Premier emprunt vert agricole au Sénégal pour renforcer l’autosuffisance alimentaire
Au Sénégal, un emprunt obligataire vert inédit pour booster l’agriculture durable
Le groupe agro-industriel indo-sénégalais Swami Agri, filiale du groupe indien Senegindia, franchit une étape historique en émettant le tout premier Agri Green Bond sur le marché financier de l’Union économique et monétaire ouest-africaine (UEMOA). Cette opération financière, d’un montant de 30 milliards de francs CFA, vise à financer l’acquisition de cinq chambres froides solaires et d’une centrale photovoltaïque. Une initiative majeure pour soutenir la transition énergétique dans l’agriculture et renforcer l’autosuffisance alimentaire du pays.
Un financement innovant pour des infrastructures agricoles durables
Swami Agri, qui produit déjà 80 % des pommes de terre et 9 % des oignons consommés au Sénégal sur ses 3 700 hectares, s’engage dans une démarche d’innovation financière pour moderniser ses installations. Les investissements prévus permettront de réduire significativement les pertes post-récolte, estimées à plus de 50 %, et de diminuer les émissions de CO2 de 20 à 30 %. « Cette initiative structure profondément la chaîne de valeur agricole », souligne le directeur général d’Impaxis Securities, la banque d’affaires sénégalaise qui pilote l’opération.
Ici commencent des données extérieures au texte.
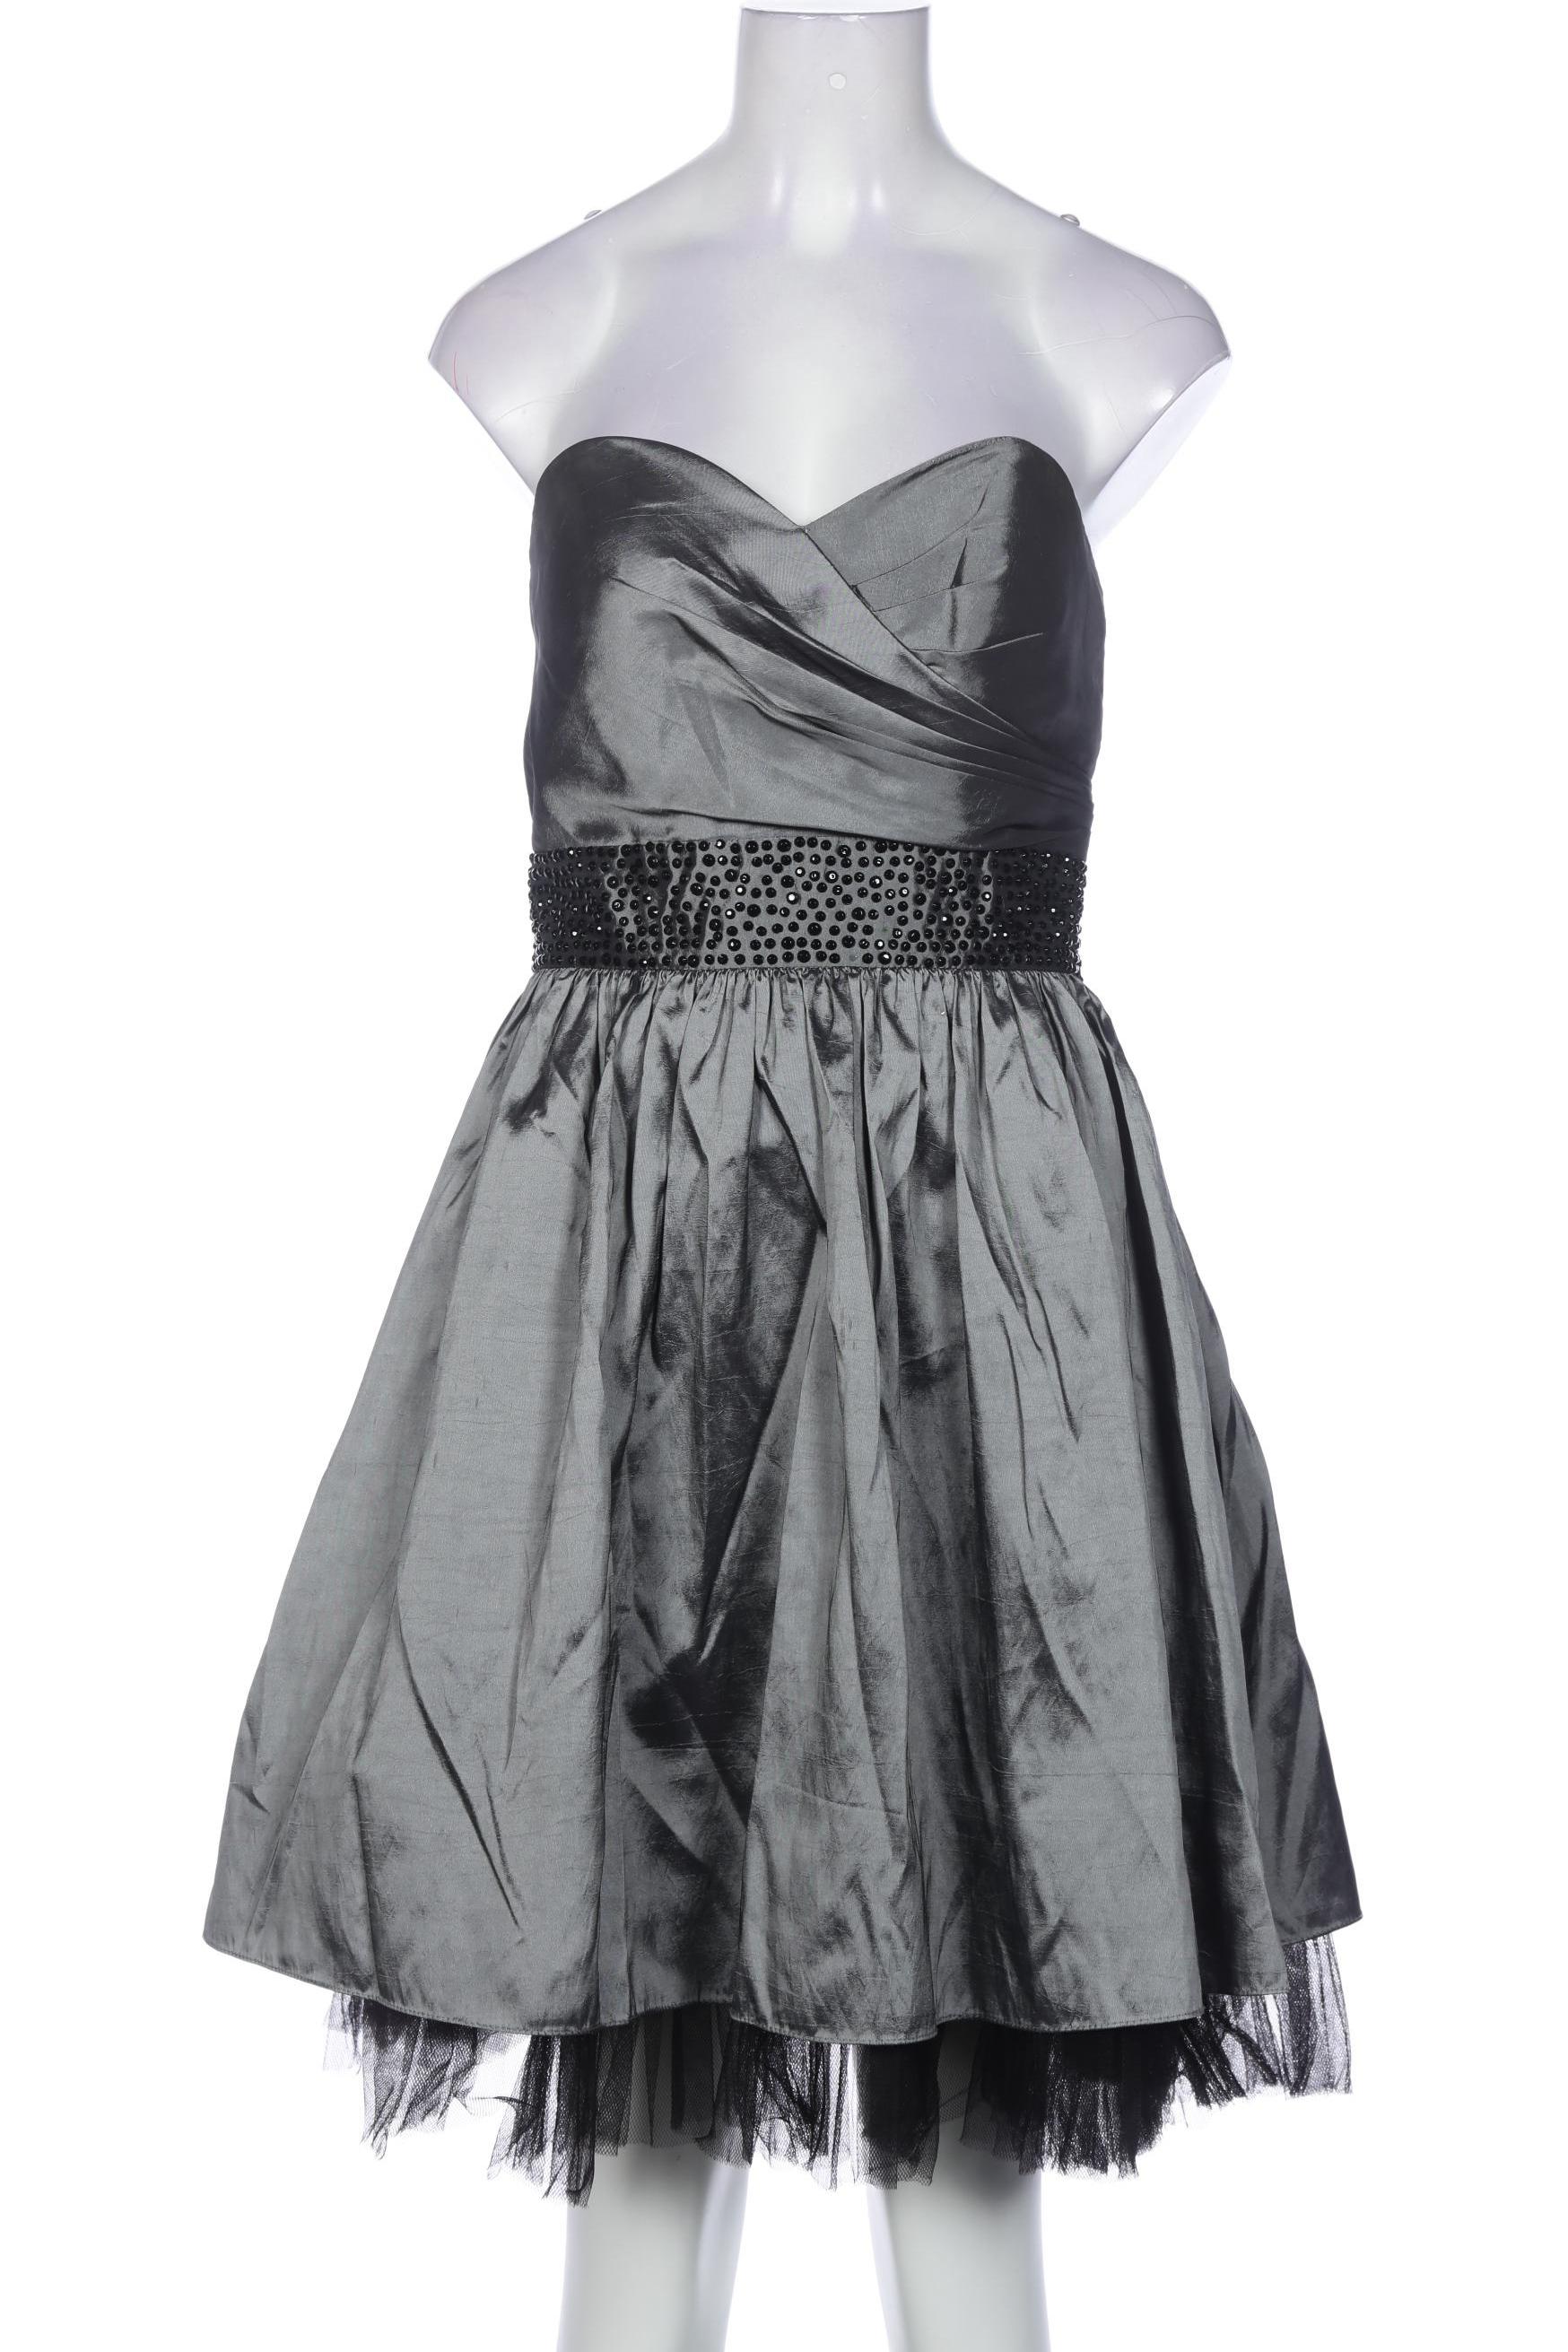 Laona Damen Kleid, grau, Gr. 34 von LAONA

Un levier pour la souveraineté alimentaire
« Le véritable défi de la souveraineté alimentaire réside dans la conservation et le transport des récoltes. Ces infrastructures permettront de stabiliser les prix et de limiter les flambées inflationnistes », explique Ababacar Diaw, directeur général d’Impaxis Securities. Les chambres froides solaires et la centrale photovoltaïque offrent une solution écologique et économique, réduisant la dépendance aux énergies fossiles et aux importations.
Un marché financier régional en pleine évolution
Cette émission marque un tournant pour le marché financier de l’UEMOA, traditionnellement dominé par la dette publique. « Les entreprises privées commencent enfin à s’emparer de ces outils pour financer des projets durables », observe un expert du secteur. Impaxis Securities avait déjà lancé des obligations vertes en 2024 avec la Banque d’investissement et de développement de la Cédéao (BIDC), pour un montant de 400 millions de dollars, démontrant l’intérêt croissant pour les financements verts.
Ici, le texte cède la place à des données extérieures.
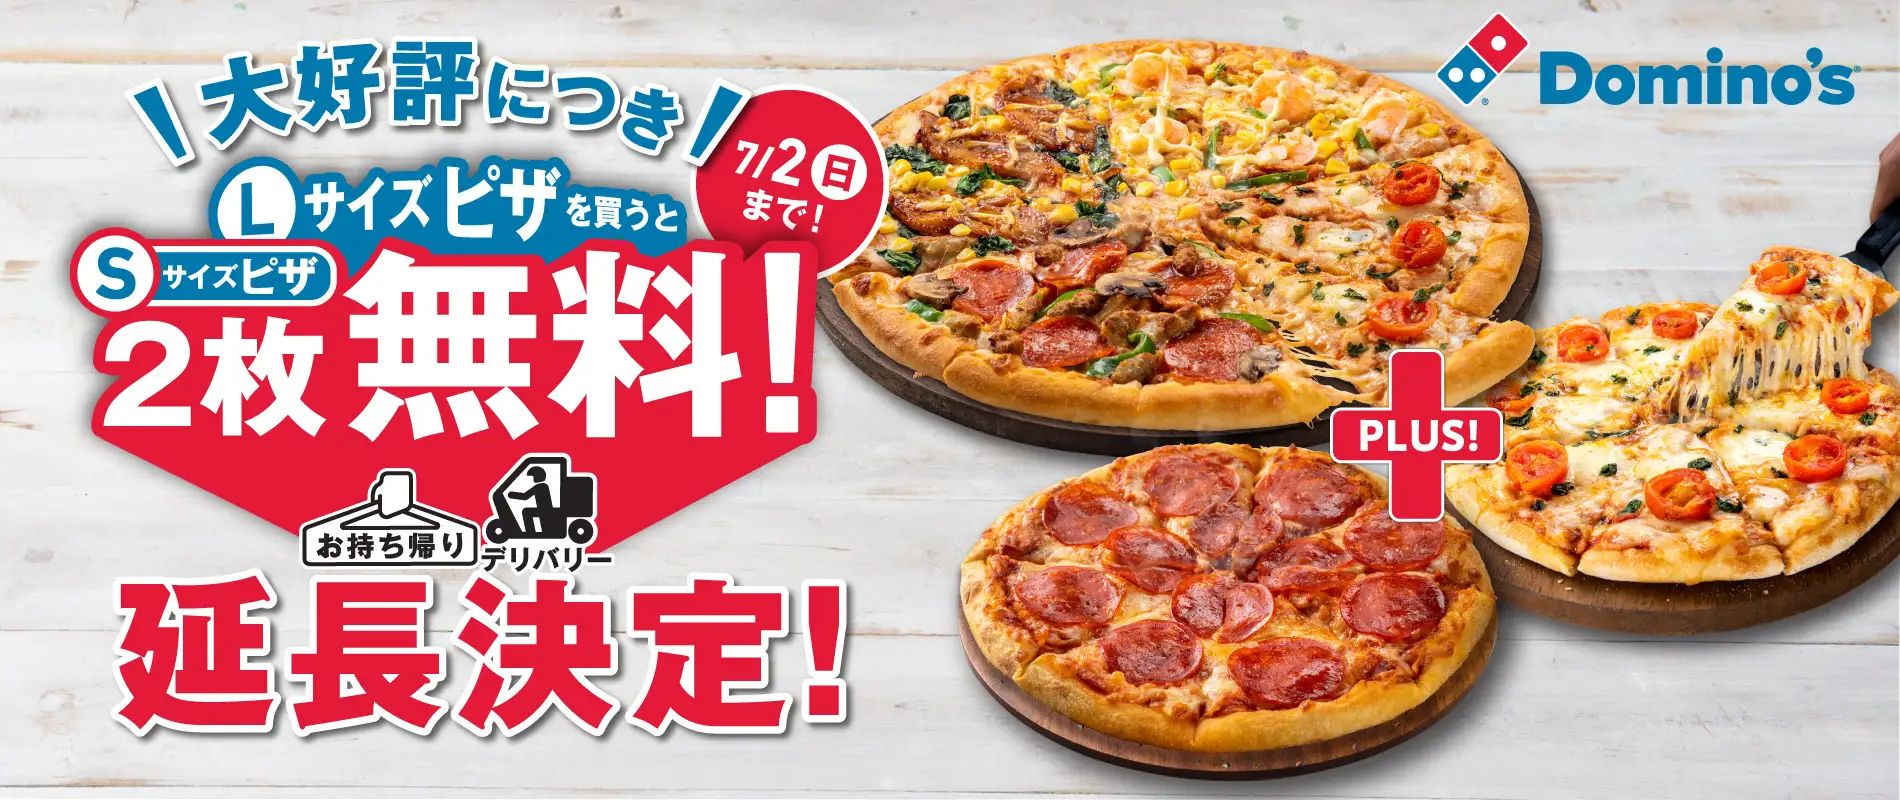 ドミノ･ピザ「Lサイズピザを買うとSサイズピザ2枚無料!」延長決定

Abdou Diaw, journaliste économique et enseignant au Cesti, souligne : « Les acteurs du secteur rencontrent des difficultés majeures pour accéder aux financements traditionnels. Les taux d’intérêt sont élevés et les garanties exigées par les banques sont souvent rédhibitoires. Les marchés financiers apparaissent désormais comme une alternative viable pour contourner ces obstacles. »
Un cadre réglementaire à renforcer
Malgré ce potentiel, des défis persistent. « Il est essentiel d’améliorer la réglementation et de sensibiliser davantage les acteurs pour qu’ils comprennent le fonctionnement de ces instruments », précise Abdou Diaw. La période de souscription de l’emprunt vert est ouverte du 30 juillet au 5 août. Les investisseurs ciblés sont principalement des assureurs, caisses de retraite et entreprises régionales, mais aussi des particuliers.
Cette opération, calquée sur le modèle classique des obligations, propose un coupon avec un taux d’intérêt attractif pour les souscripteurs. Une avancée majeure pour l’économie sénégalaise et plus largement pour l’Afrique de l’Ouest.